#### Input records ####

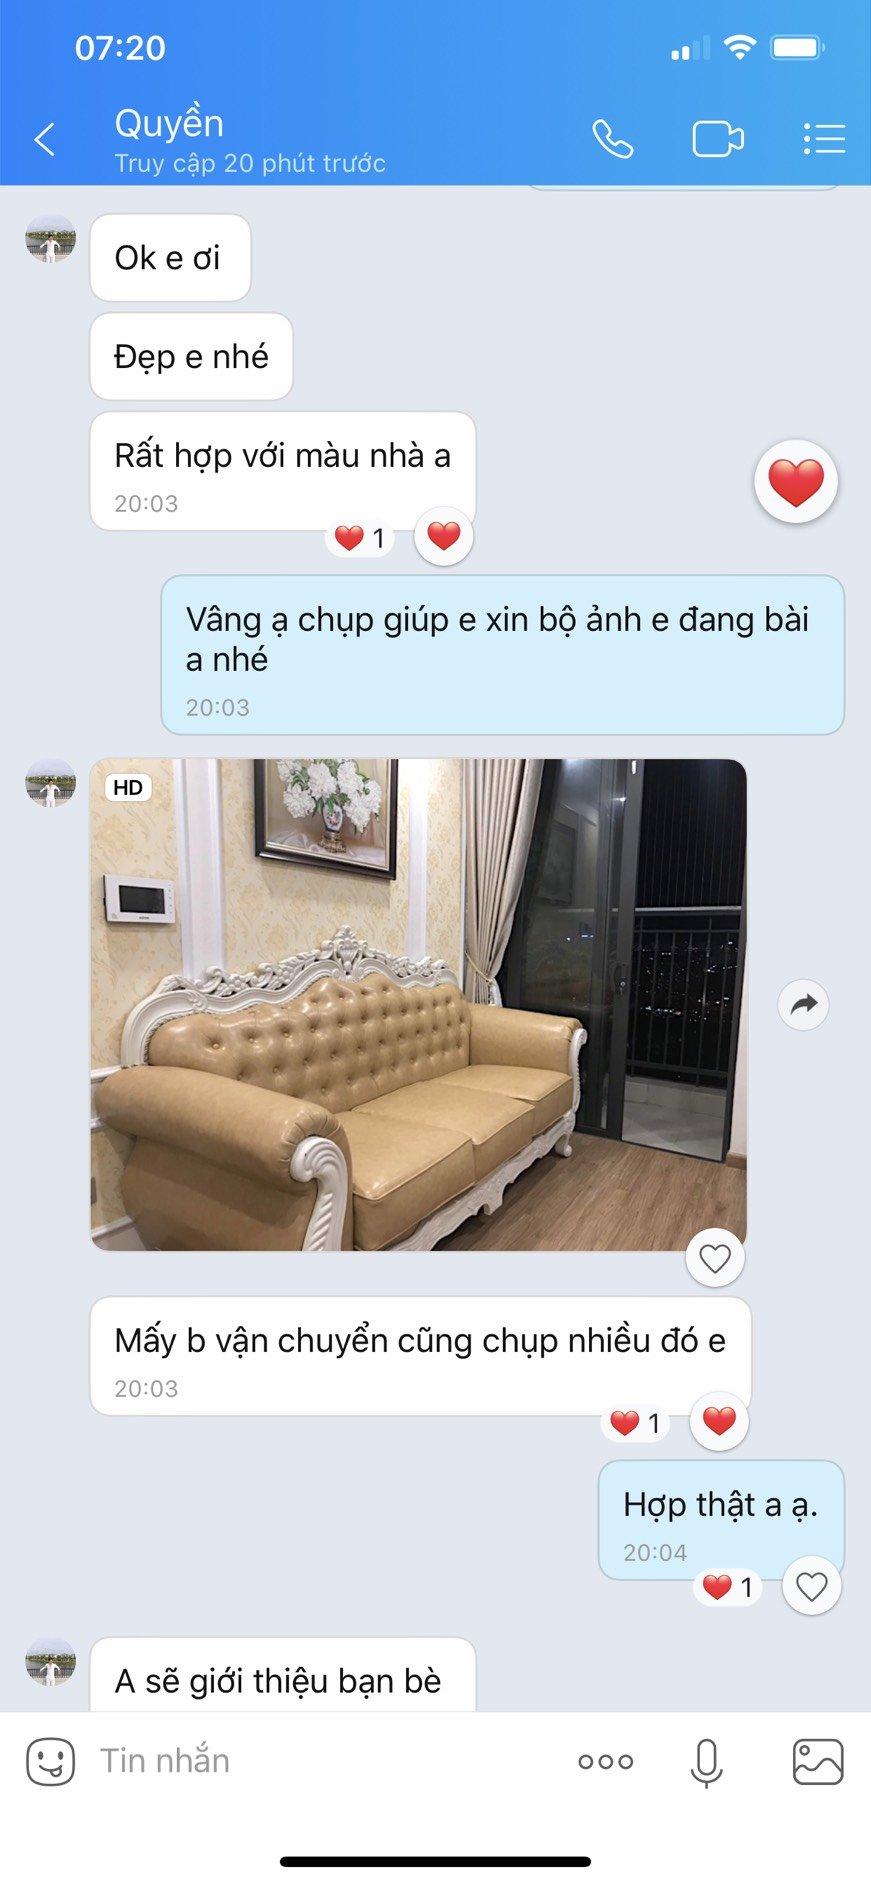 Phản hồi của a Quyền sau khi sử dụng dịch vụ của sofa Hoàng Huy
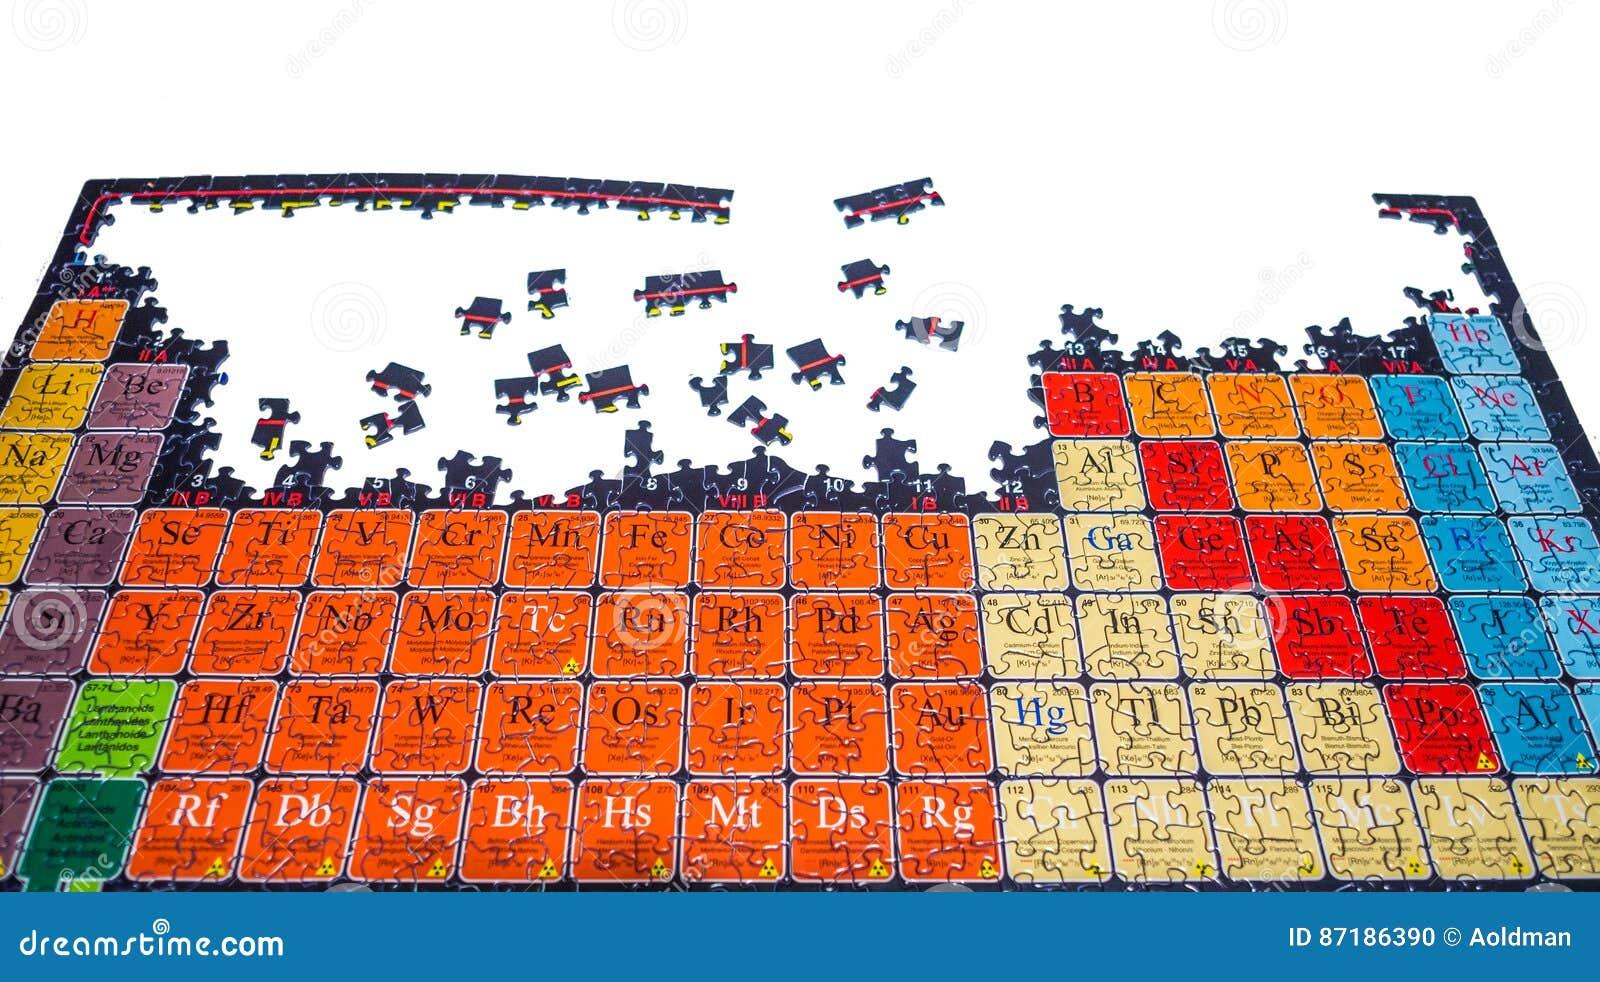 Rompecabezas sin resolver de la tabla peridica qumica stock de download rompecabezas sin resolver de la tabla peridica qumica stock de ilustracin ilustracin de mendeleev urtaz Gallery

####
#### Input records ####

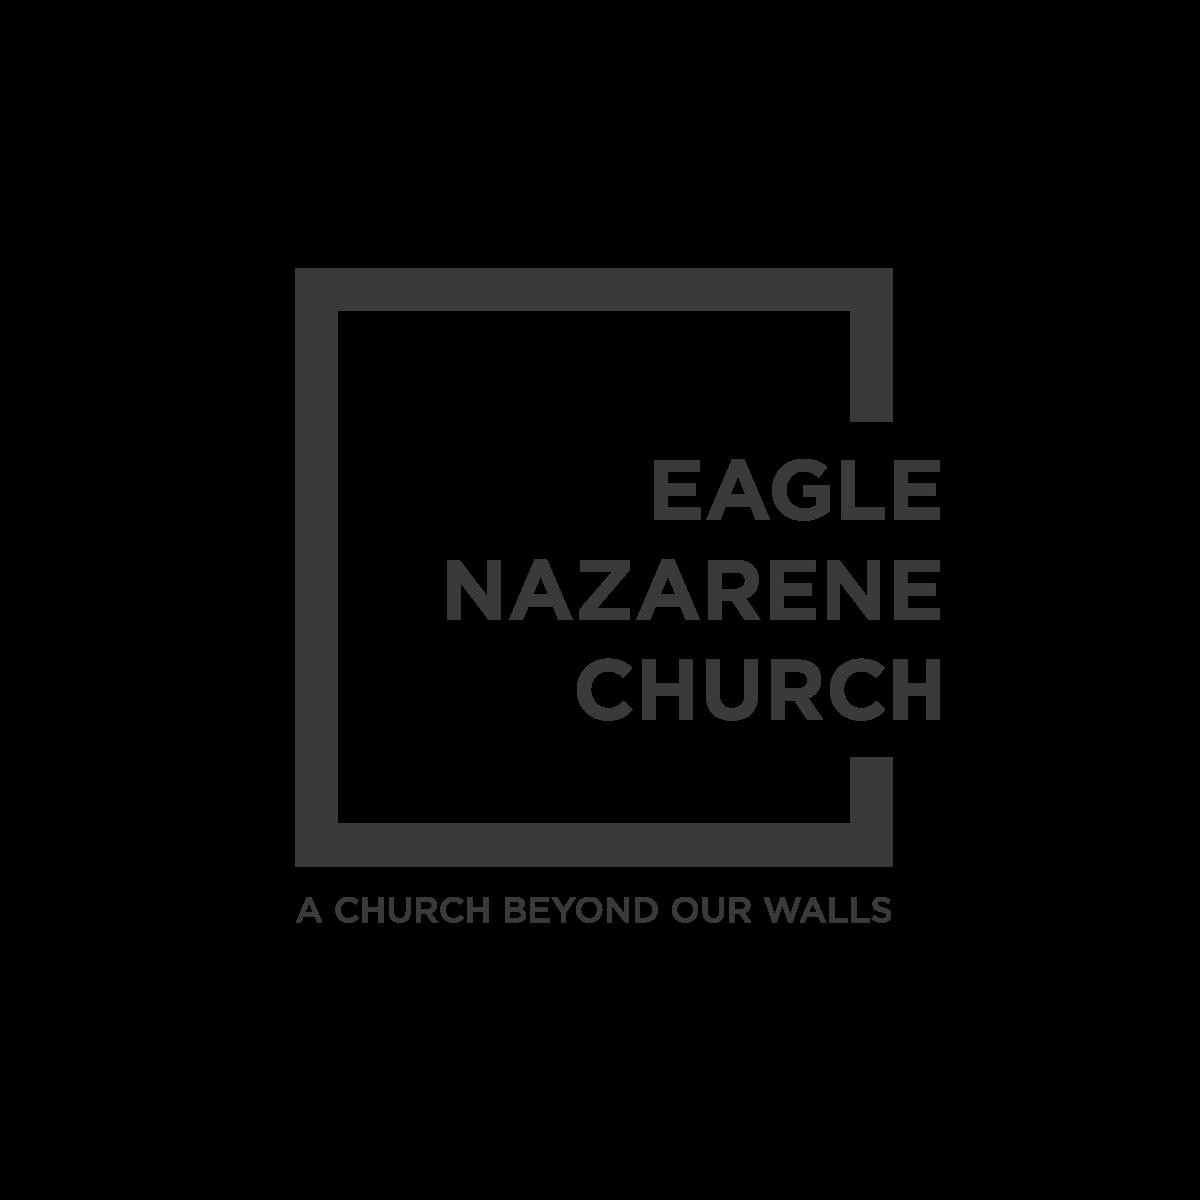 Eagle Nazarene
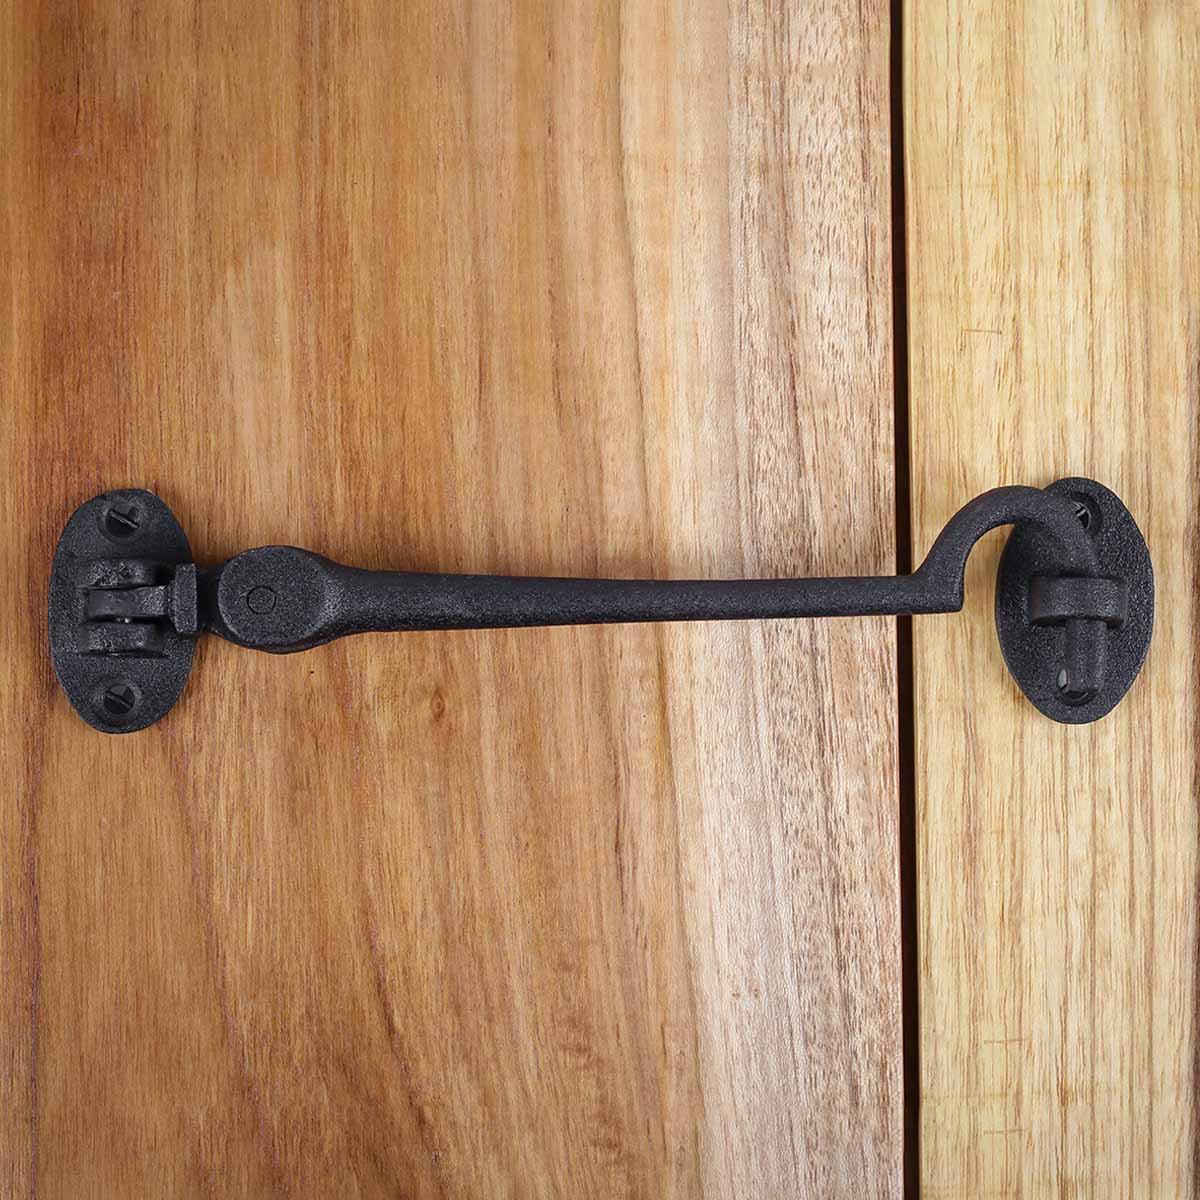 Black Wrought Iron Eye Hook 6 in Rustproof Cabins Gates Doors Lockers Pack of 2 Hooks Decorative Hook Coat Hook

####

What is required – Beginning with the line that contains "Eagle Nazarene", write out the lines of the material above exactly, and end with the line that contains "Black Wrought Iron". Omit the pictures.

Output for this exercise –
 Eagle Nazarene
 Black Wrought Iron Eye Hook 6 in Rustproof Cabins Gates Doors Lockers Pack of 2 Hooks Decorative Hook Coat Hook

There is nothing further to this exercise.